Horacio de la Costa was born in Maúban, Tayabas (now the province of Quezon) on May 9, 1916, to Judge Sixto de la Costa and Emiliana Villamayor.

De la Costa first attended the public elementary school in Batangas before moving on to the Ateneo de Manila, where he distinguished himself for academic excellence and student leadership, particularly as a writer and, later, as editor of The Guidon, the campus newspaper. After earning there his Bachelor of Arts degree, summa cum laude, in 1935, he entered the Society of Jesus at the Sacred Heart Novitiate in Novaliches, where he later completed his master's degree. Afterward, he went back to the Ateneo to teach philosophy and history for two years. During this time, he also worked as a writer and radio talent for the Chesteron Evidence Guild, more specifically, the "Common Weal Hour", for which he created the character of Teban, the calesa driver, at the height of the controversy over the 1940 divorce bill. The program evolved into "Kuwentong Kutsero", consisting of satirical tales dealing mostly with life in Manila.

==War-time and post-war activities==
During the war, the Japanese imprisoned him for two months in Fort Santiago for his role in the resistance movement. He helped Rev. Fr. John F. Hurley, the Jesuits' superior, in taking clothes and medicines to American and Filipino soldiers who had evaded capture by the Japanese or escaped from Japanese prison camps. For this, he was awarded the Medal of Freedom by the United States government in 1946. Early in 1946, he left for the United States to pursue further studies in theology at Woodstock College, Maryland, where he was ordained a priest on March 24, 1946, by American Bishop John F. McNamara. He received his doctorate degree in history at Harvard University in 1951.
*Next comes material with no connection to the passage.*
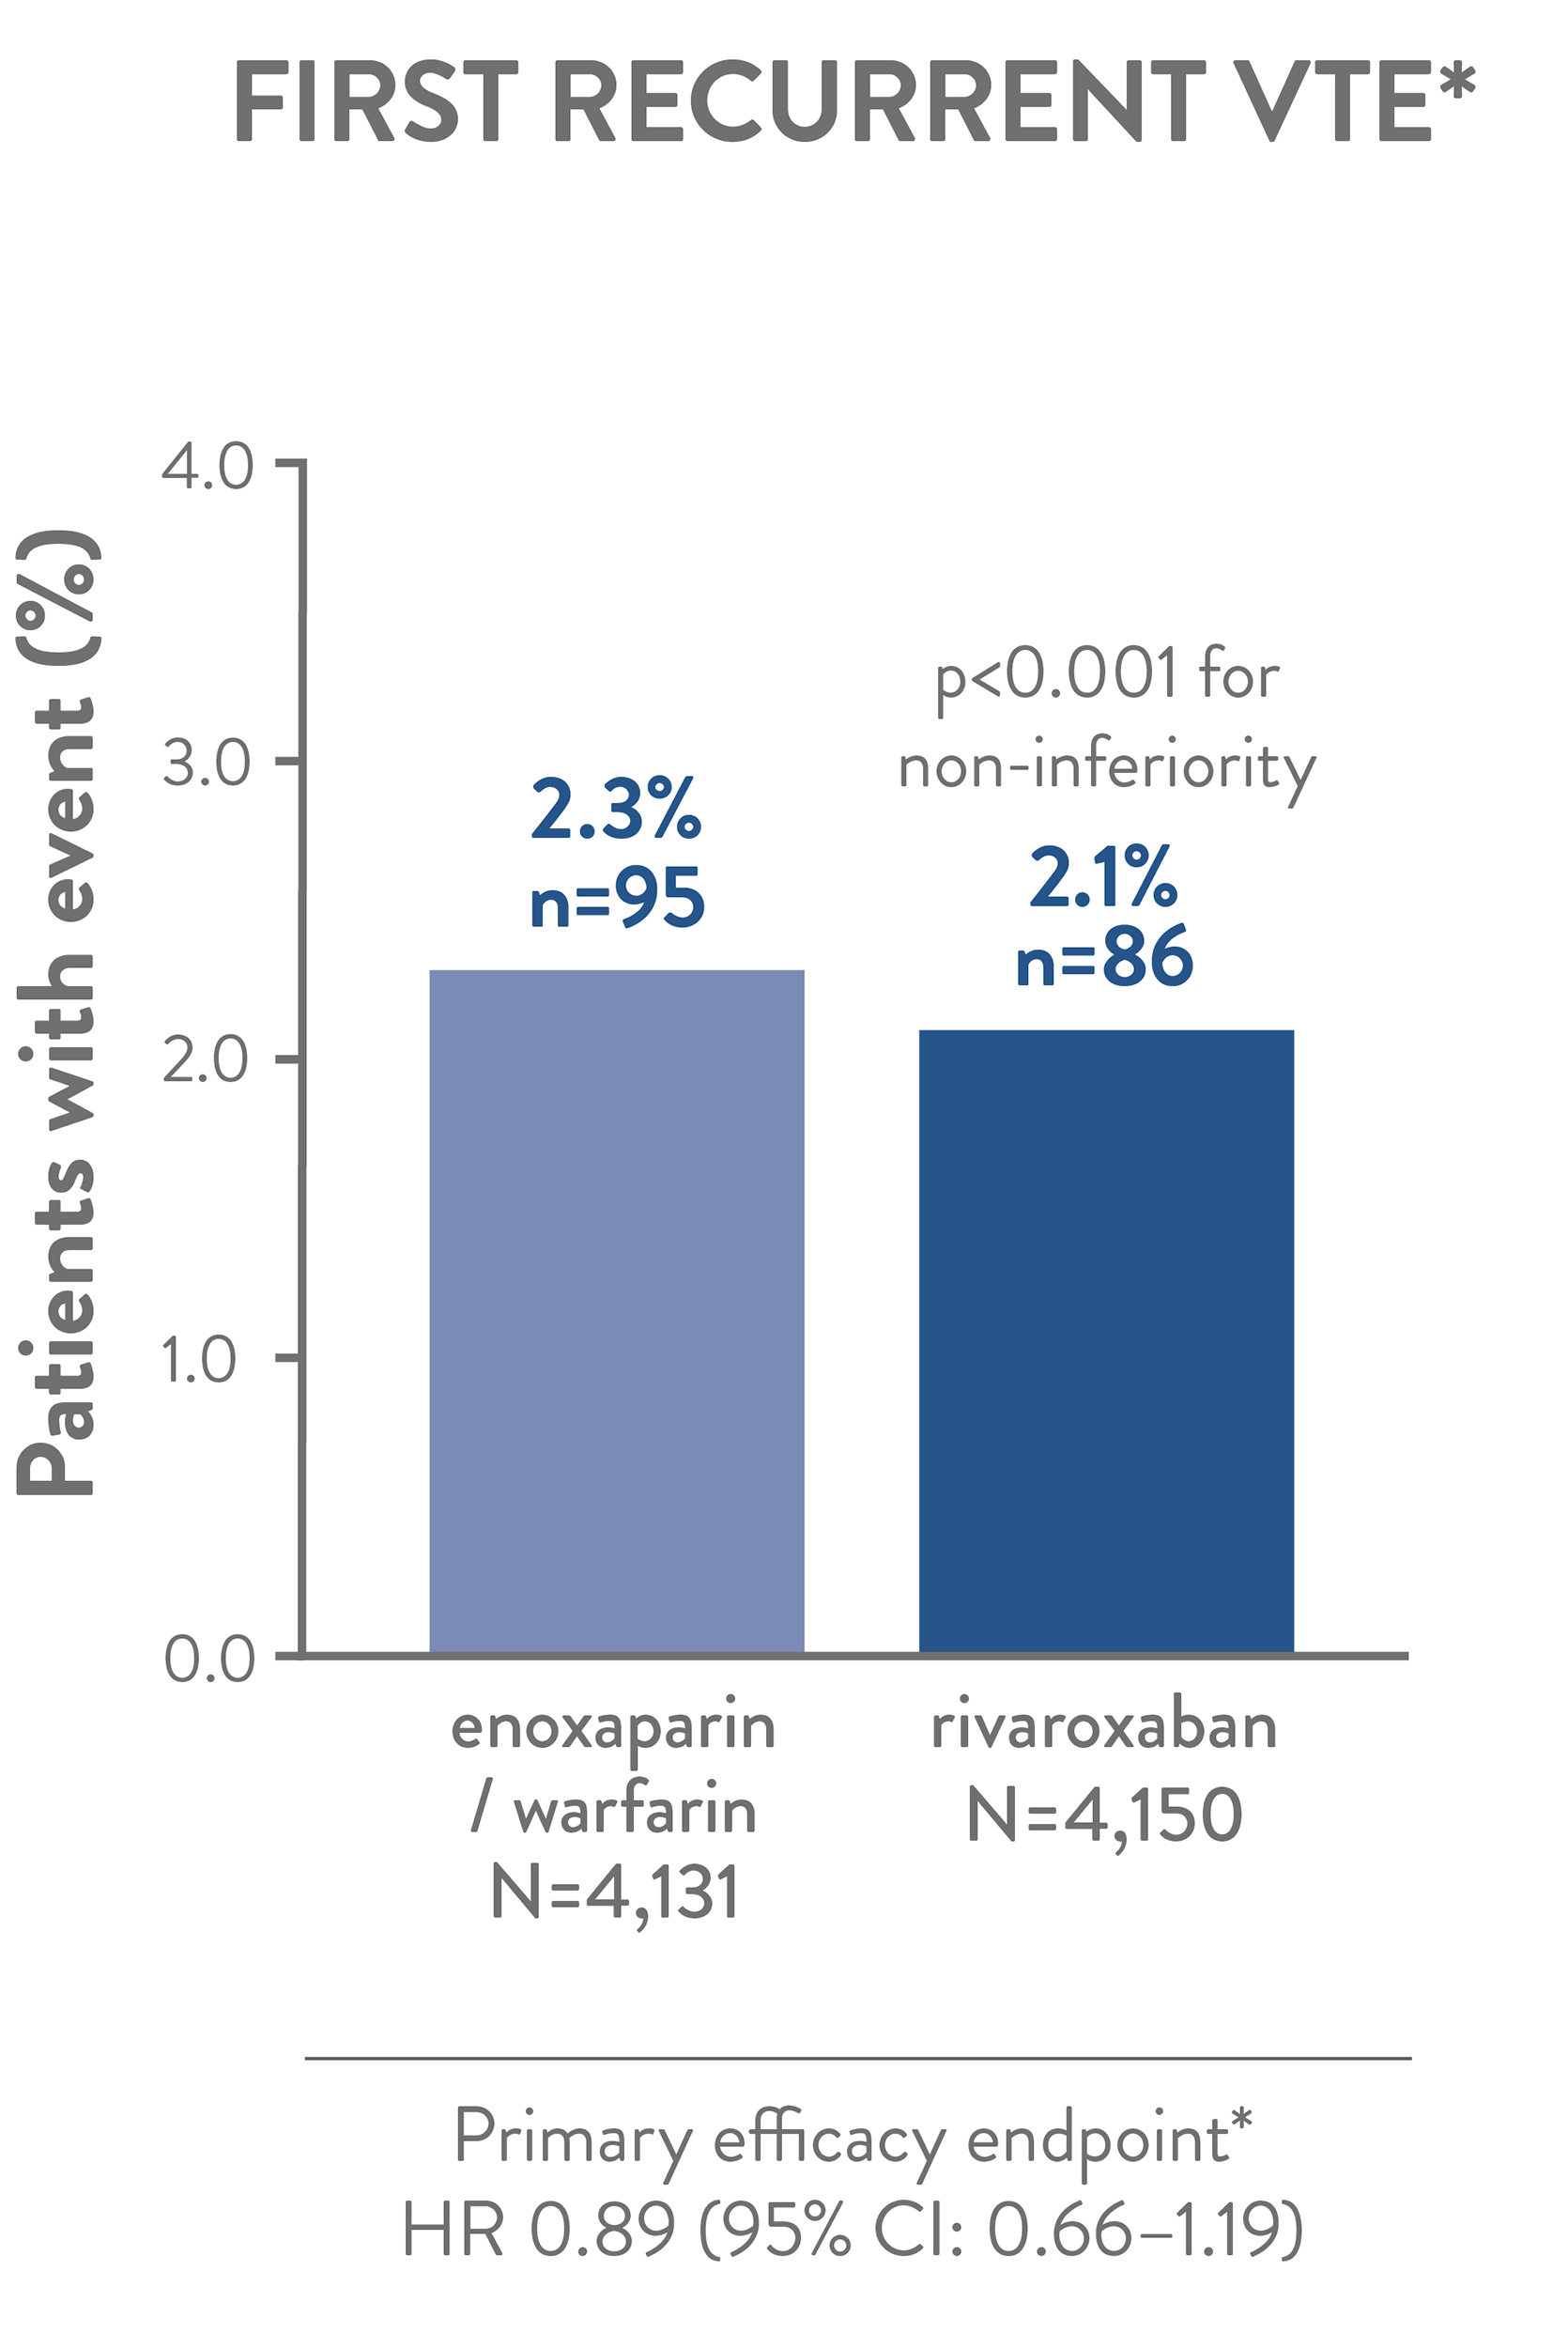 Efficacy of rivaroxaban vs. enoxaparin / warfarin: EINSTEIN pooled Analysis

==Return to the Philippines==
Back in the Philippines, he served anew with the faculty of the Ateneo de Manila in 1953, later becoming its first Filipino college dean while teaching history at the same time. In 1958, he was made a consultant of the Philippine province of the Society of Jesus and, in 1959, assumed the editorship of its scholarly publication, Philippine Studies. Fr. de la Costa received a Smith-Mundt-Fuldright scholarship in 1960. In 1962, he became a research associate of the London School of Oriental and African Studies. During this period, he received honorary doctorates from the University of Santo Tomás, Tokyo's Sophia University, and Dumaguete's Silliman University.
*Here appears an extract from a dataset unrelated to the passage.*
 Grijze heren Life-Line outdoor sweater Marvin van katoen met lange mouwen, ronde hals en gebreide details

On December 8, 1964, he assumed office as provincial superior of the Philippine province of the Society of Jesus. His appointment ended the long line of Spanish and American Jesuits who were appointed to the said post in the Philippines.

==Works and achievements==
De la Costa was the author of a number of books, particularly on Philippine culture and history, which revealed his nationalistic bent, among which are:
- The Jesuits in the Philippines, 1581–1768
- The Trial of Dr. Rizal, an edited translation of W.E. Retana's transcription of the official Spanish documents
- Recent Oriental History
- Readings in Philippines History
- The Background of Nationalism, and Other Essays
- Asia and the Philippines

He also contributed numerous articles on these subjects to various local and foreign scholarly publications, such as Philippine Social Sciences and Humanities Review, Bulletin of the Philippine Historical Association, Hispanic American Historical Review, Comment, Science Review, Theological Studies, and Philippine Studies. The Catholic Encyclopedia carries his article on the Philippines.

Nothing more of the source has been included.